What to work on
Return the listing below exactly, with the pictures dropped.

Given information
════

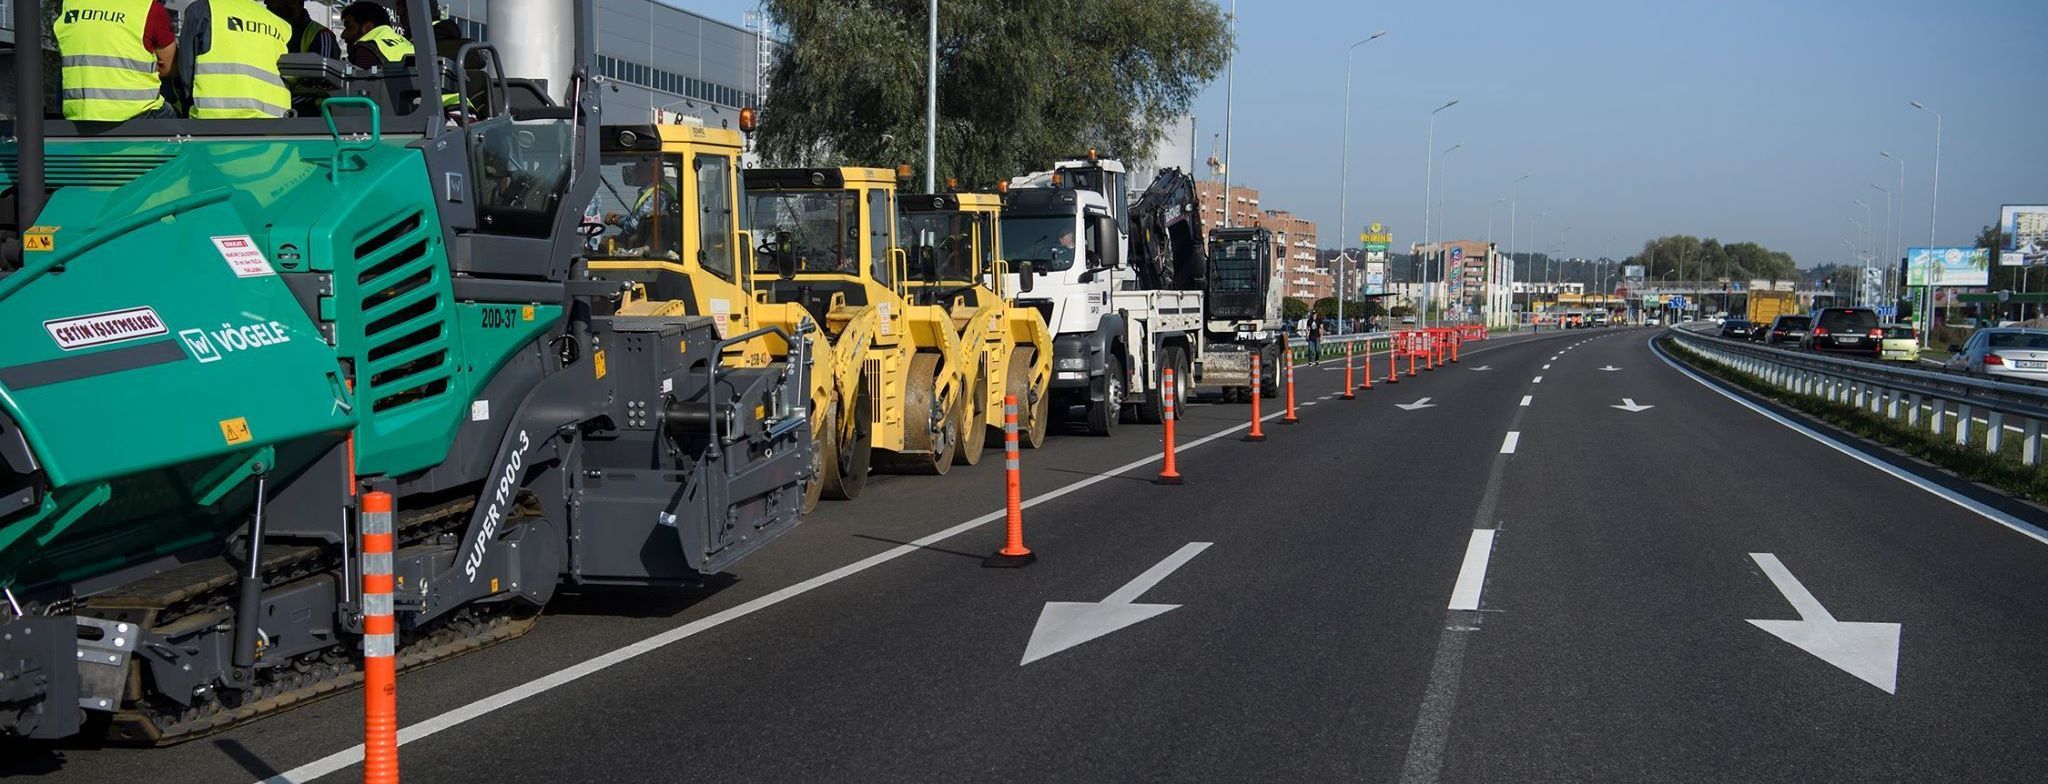 Укравтодор обнародовал список дорог, которые будут ремонтировать в 2018 году
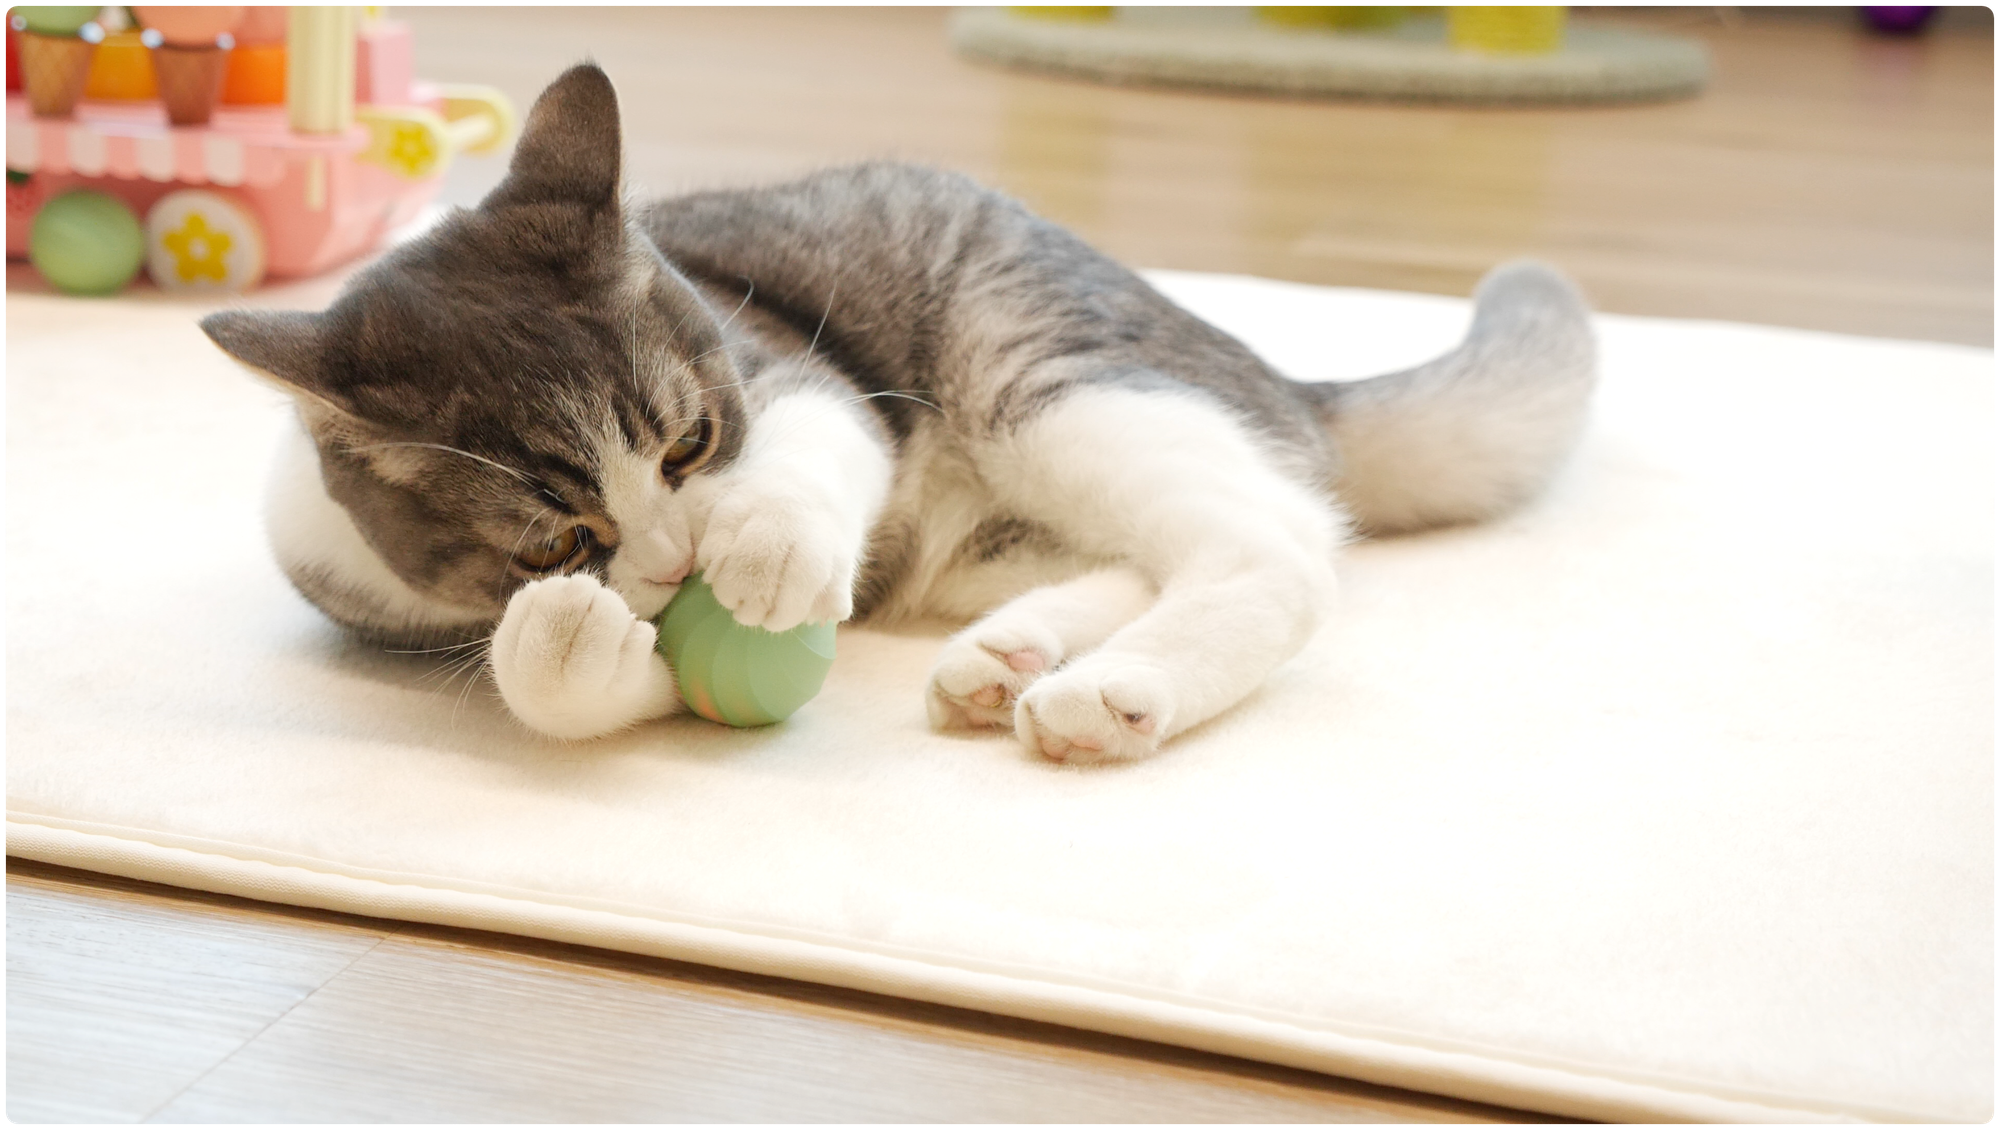 Cheerble Ice Cream интерактивная игрушка мячик для кошки и котят, развивающая игрушка для кота, умный шарик, USB зарядка - фотография № 9
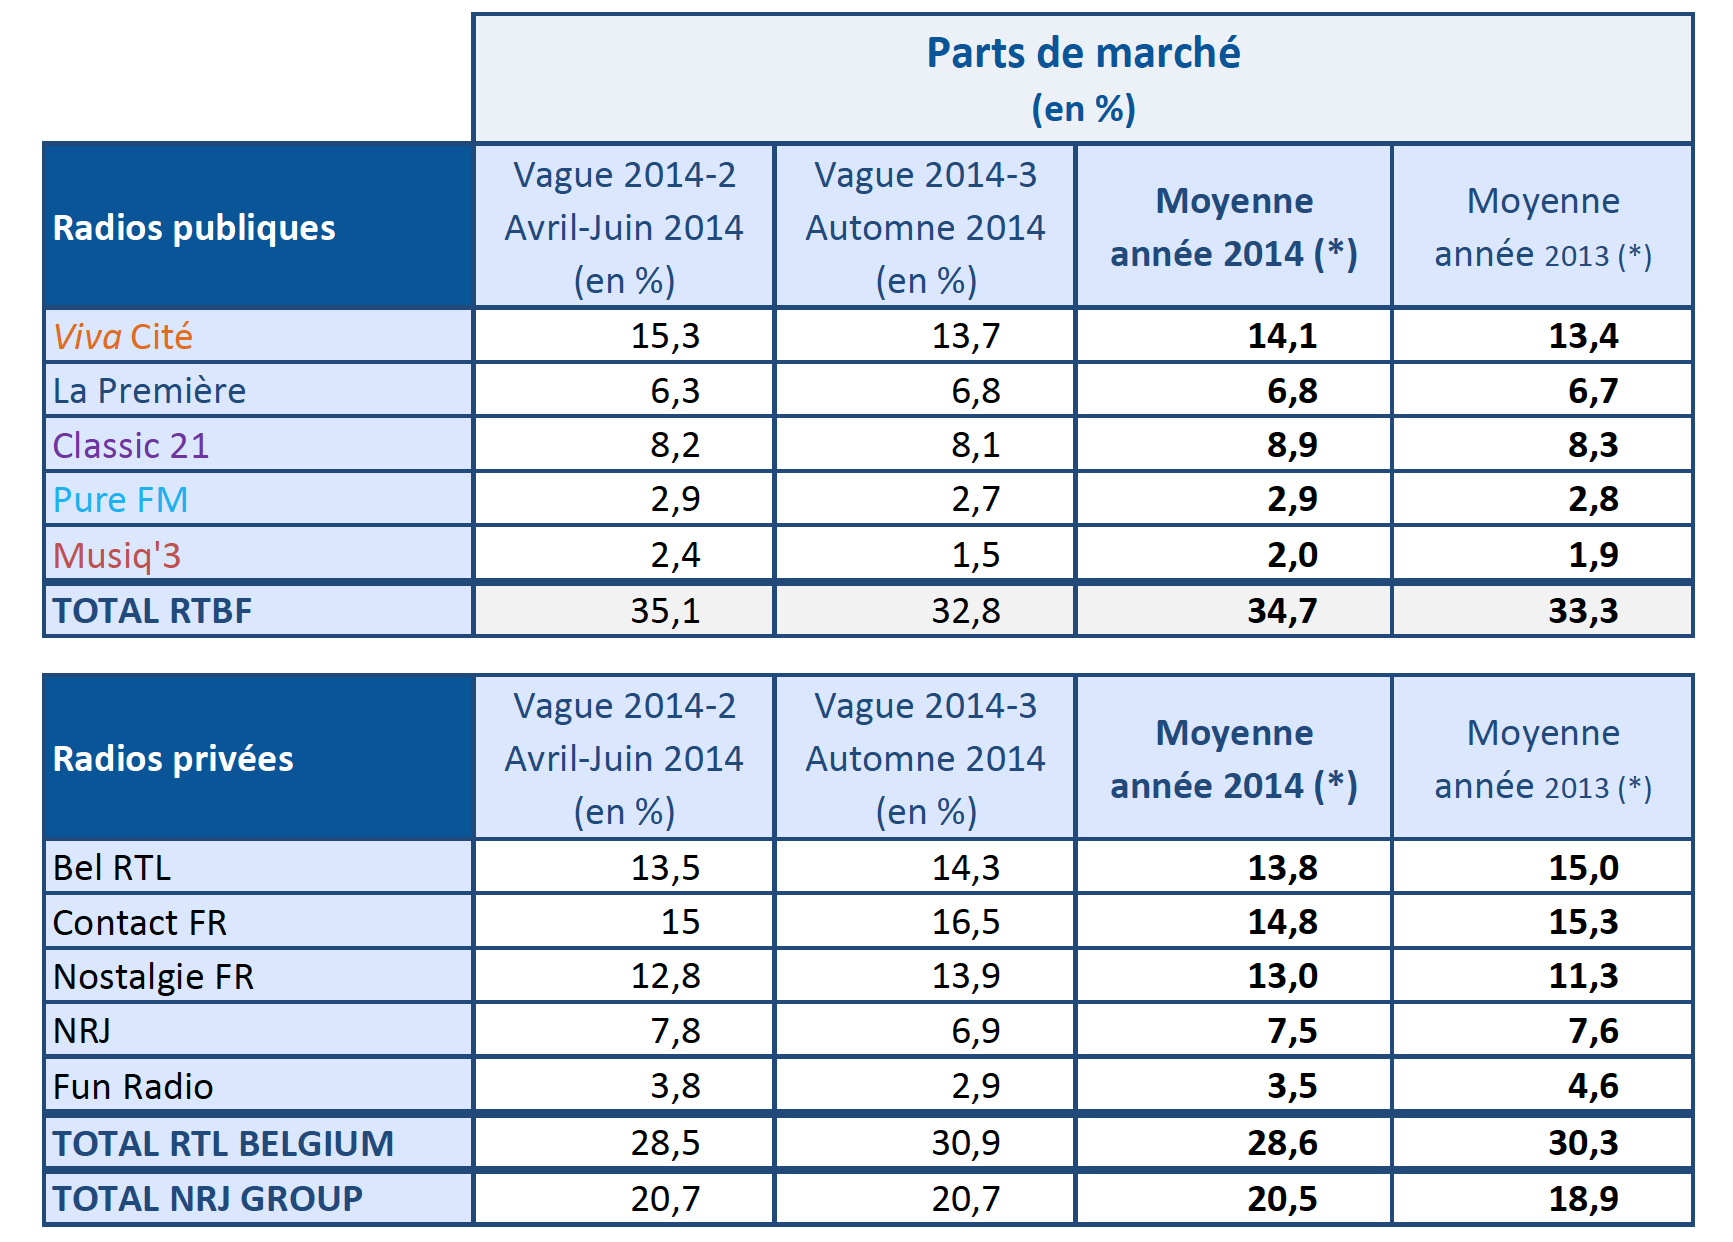 Tableau comparatif en parts de marché : W2014-2 (avril-juin 2014) - W2014-3 (Automne 2014)et moyenne Année 2014 et 2013

════

Answer section
 Укравтодор обнародовал список дорог, которые будут ремонтировать в 2018 году
 Cheerble Ice Cream интерактивная игрушка мячик для кошки и котят, развивающая игрушка для кота, умный шарик, USB зарядка - фотография № 9
 Tableau comparatif en parts de marché : W2014-2 (avril-juin 2014) - W2014-3 (Automne 2014)et moyenne Année 2014 et 2013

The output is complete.